Ieng Sary served as foreign minister in Cambodia's brutal Khmer Rouge regime. He and his wife Ieng Thirith were brought before the country's U.N.-backed genocide tribunal to face charges of crimes against humanity and war crimes.
Ieng Sary and his wife Ieng Thirith, who was minister for social affairs in the 1975-79 Khmer Rouge government, were served with arrest warrants at dawn at their residence in the capital, Phnom Penh, and driven to the tribunal's office. They are being held overnight pending further questioning.
They became the third and fourth people to be arrested by the tribunal, officially called the Extraordinary Chambers in the Courts of Cambodia.
The radical policies of the communist Khmer Rouge are widely blamed for the deaths of some 1.7 million people from starvation, disease, overwork and execution. None of the group's leaders has faced trial yet.
The arrests come almost three decades after the Khmer Rouge fell from power, with many fearing the aging suspects may die before they ever see a courtroom. Trials are expected to begin next year.
At a trial conducted in 1979 under the auspices of Vietnam, which invaded Cambodia to oust the Khmer Rouge, Ieng Sary was sentenced to death in absentia. But the proceedings, in the fashion of a Soviet show trial, served the purposes of propaganda more than justice.
The U.N.-assisted tribunal was created last year after seven years of contentious negotiations between the United Nations and Cambodia. Prime Minister Hun Sen, once a Khmer Rouge officer himself, asked for U.N help with a trial only in 1997, after enlisting surrendered Khmer Rouge officials as his political allies. Critics accused him of delaying a trial for fear it could upset the political equilibrium.
Ieng Sary and his wife were members of the inner circle of the Khmer Rouge. They were French-educated like its charismatic leader, the late Pol Pot, whose radicalism turned the country into a virtual charnel house. The connection was linked by marriage: Ieng Thirith's sister Khieu Ponnary was Pol Pot's first wife.
Besides being deputy prime minister and foreign minister, Ieng Sary was a member of the policy-making central committee.
He has also been accused of being personally responsible for luring home diplomats and intellectuals from overseas to join the revolution after the 1975 Khmer Rouge victory over a pro-U.S. government. The returnees were arrested and put in re-education camps, and most were later executed.
Ieng Sary "promoted, instigated, facilitated, encouraged and/or condoned the perpetration of the crimes" when the Khmer Rouge held power, according to a July 18 document presented by the tribunal's prosecutors to its investigating judges.
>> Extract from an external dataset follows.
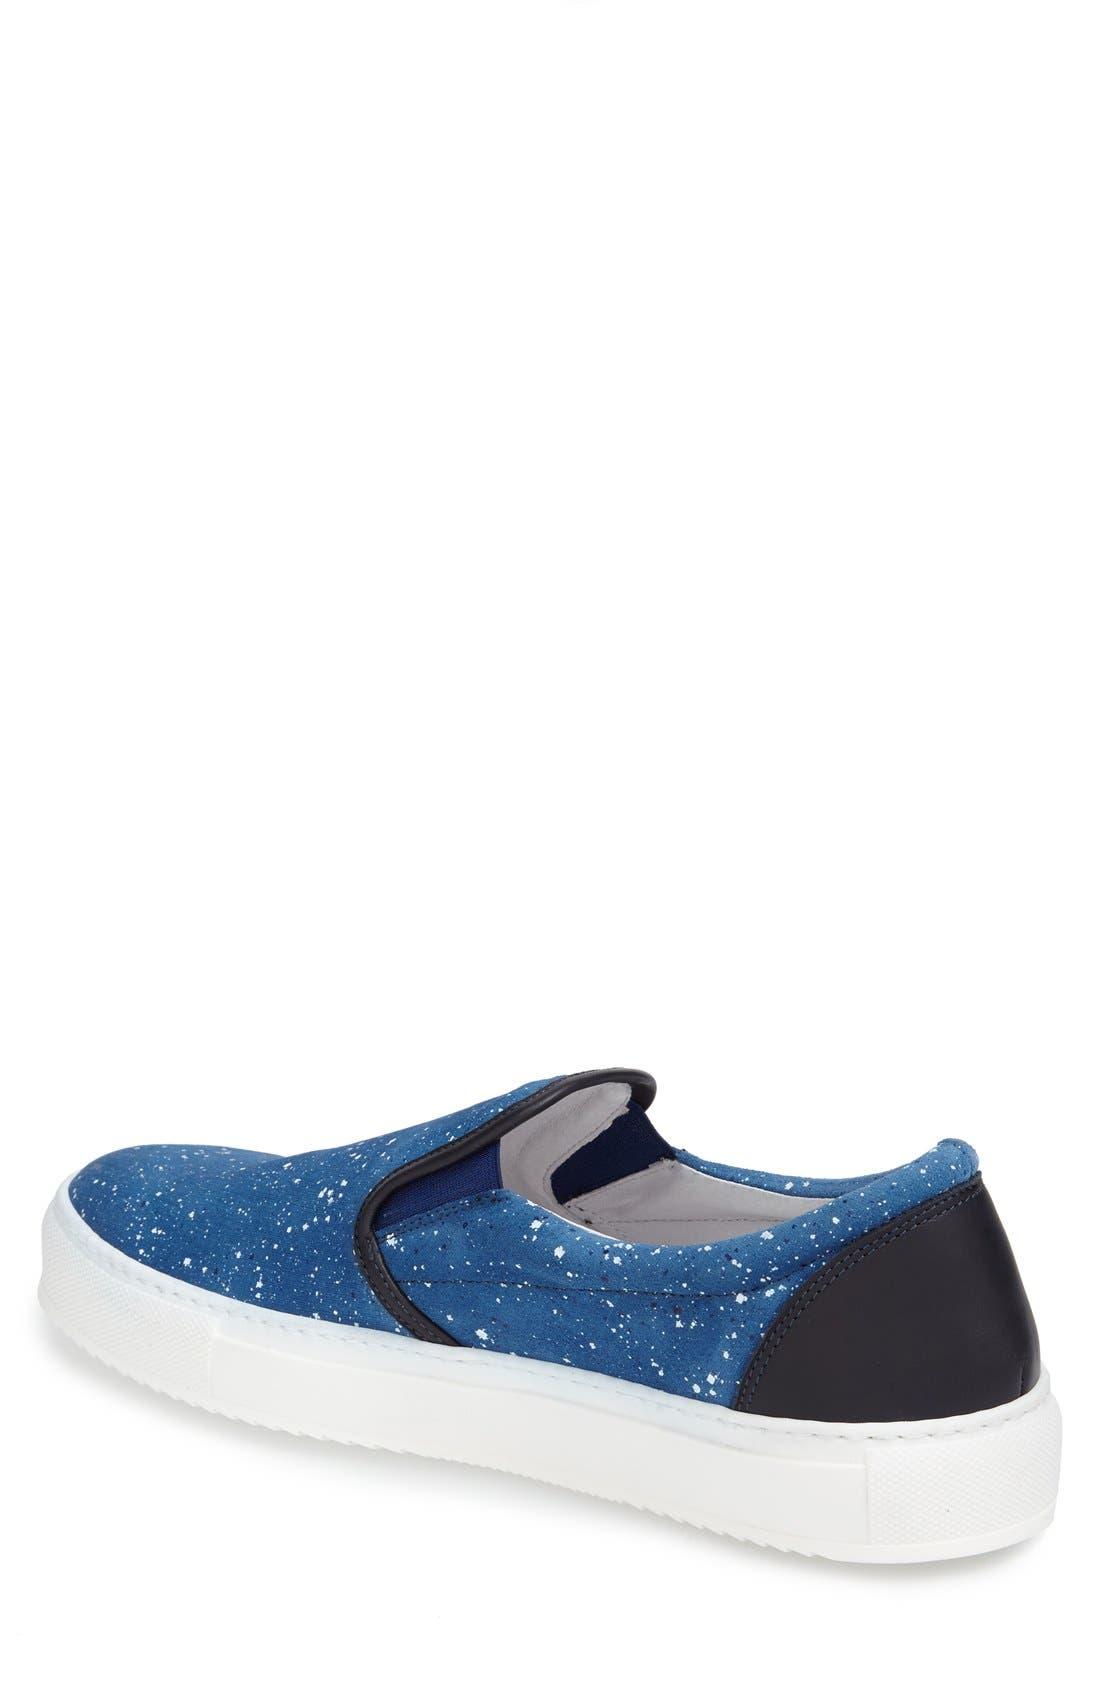 Santorini Slip-On Sneaker,                             Alternate thumbnail 8, color,

The tribunal is being conducted under Cambodian law, which follows the French model.
The document said there was evidence of Ieng Sary's participation in crimes included planning, directing and coordinating Khmer Rouge "policies of forcible transfer, forced labor and unlawful killings."
"I have done nothing wrong," Ieng Sary, 77, told The AP in October while visiting Bangkok, Thailand, for a medical checkup.
"I am a gentle person. I believe in good deeds. I even made good deeds to save several people's lives (during the regime). But let them (the tribunal) find what the truth is," he said, without elaborating.
The alleged crimes of his wife, Ieng Thirith, who is believed to be 75, include her participation in "planning, direction, coordination and ordering of widespread purges ... and unlawful killing or murder of staff members from within the Ministry of Social Affairs," the prosecutors' filing said.
When the Khmer Rouge lost power in 1979, Ieng Sary retreated with them to the jungles, from where they conducted a guerrilla war. In 1996, with the group's forces in sharp decline, Ieng Sary defected with a large coterie of followers, effectively setting the stage for the total collapse of the Khmer Rouge two years later.
His belated turn of heart earned him a limited amnesty from then-King Norodom Sihanouk - but one that officials have declared does not apply to the tribunal's charges.
Youk Chhang, director of the Documentation Center of Cambodia, an independent group documenting Khmer Rouge atrocities, said that prior to his arrest, Ieng Sary had been "the most politically untouchable Khmer Rouge leader."
The other Khmer Rouge members in the tribunal's custody are Nuon Chea, the group's former ideologist, and Kaing Guek Eav, also known as Duch, who headed the Khmer Rouge S-21 torture center. They were charged with war crimes and crimes against humanity earlier this year.
According to the prosecutors' papers, the fifth suspect they seek to charge is Khieu Samphan, who was the nominal head of state during the Khmer Rouge rule.